I'd use powershell . . .

https://gallery.technet.microsoft.com/scriptcenter/Reset-password-for-all-412fbc72#content

gjacobse

@DustinB3403 said in AD User Tool: Bulk AD User:

I'd use powershell . . .

https://gallery.technet.microsoft.com/scriptcenter/Reset-password-for-all-412fbc72#content

You did see the part where I don't PS.... right?

DustinB3403

@gjacobse said in AD User Tool: Bulk AD User:

@DustinB3403 said in AD User Tool: Bulk AD User:

I'd use powershell . . .

https://gallery.technet.microsoft.com/scriptcenter/Reset-password-for-all-412fbc72#content

You did see the part where I don't PS.... right?

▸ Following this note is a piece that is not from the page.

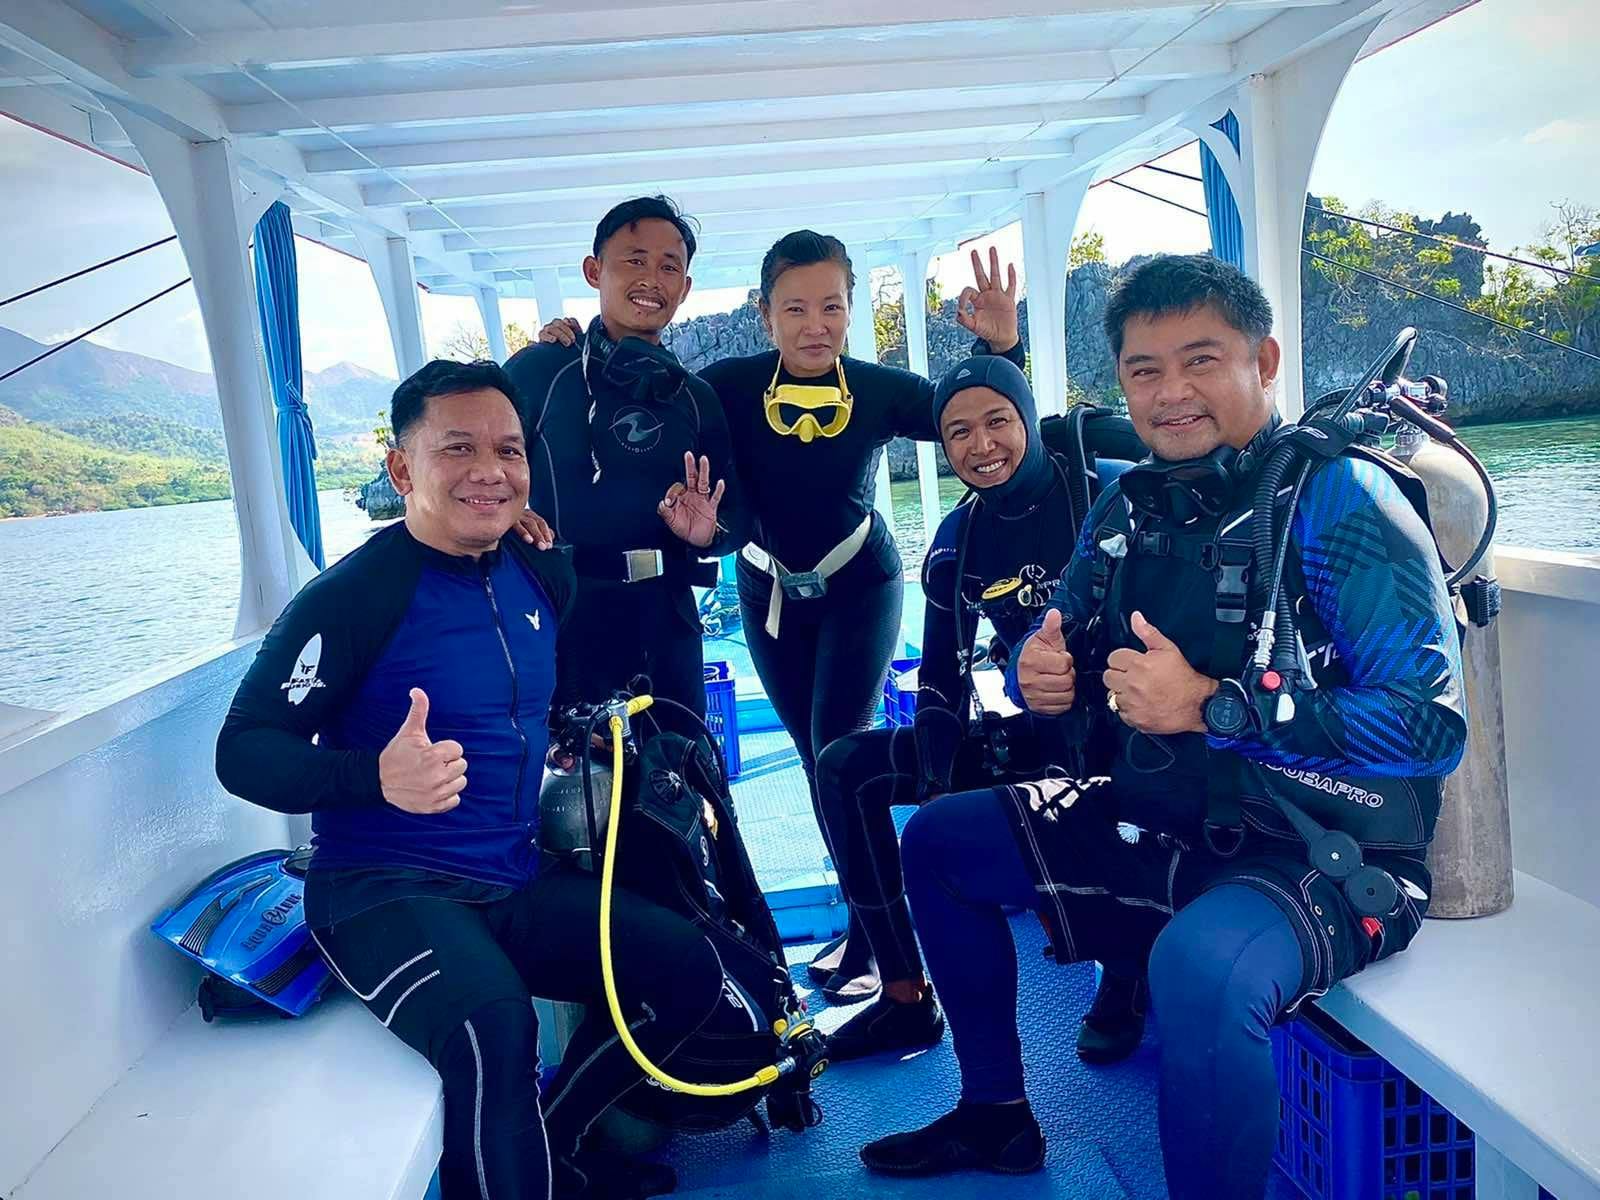 Diving Instructors of Skylodge Resort Dive Shop
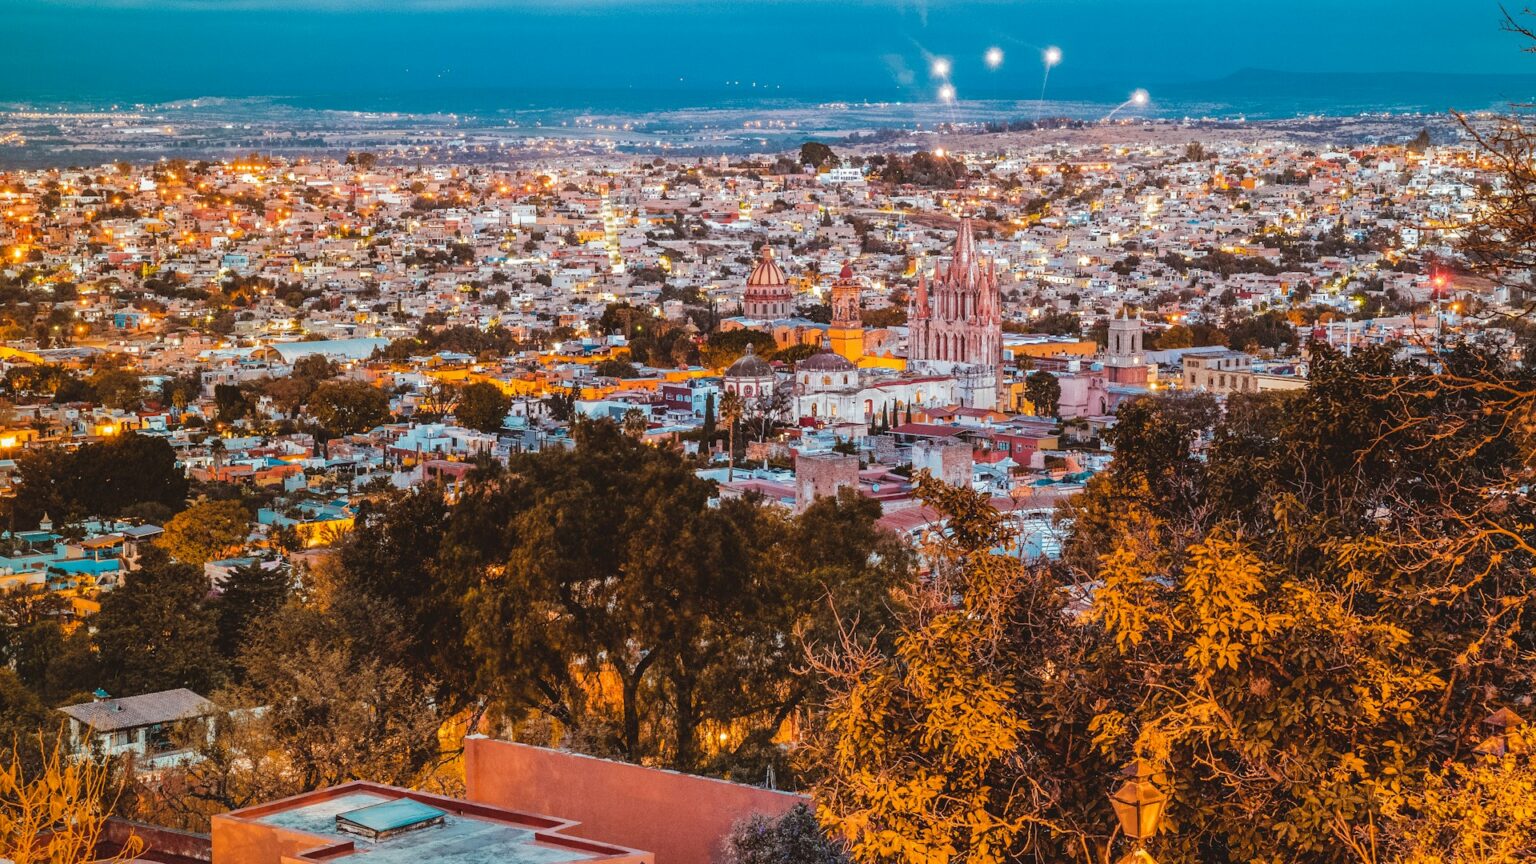 San Miguel de Allende - Mexico

Of course I did, but everything is written out on that site. It'd be super simple to do this.

gjacobse

For those that PS here is what I think I need to do for the actual reset command. I have two OUs

Set-OSCADAccountPassword -OrganizationUnti "NYusers" "VAusers" -Password "somepasswordhardstring" -CSVPath "c:\report\result.csv"

coliver

Let me get to a computer. This is a two line ps script that can be knocked out in a few minutes. If you're doing Windows administration you really should be learning powershell. Nothing else really grants you the same... Power as it does for Windows.

Deleted74295

@gjacobse said

Other than a PS script - which I don't PS,

Then you are 10 years behind everyone else.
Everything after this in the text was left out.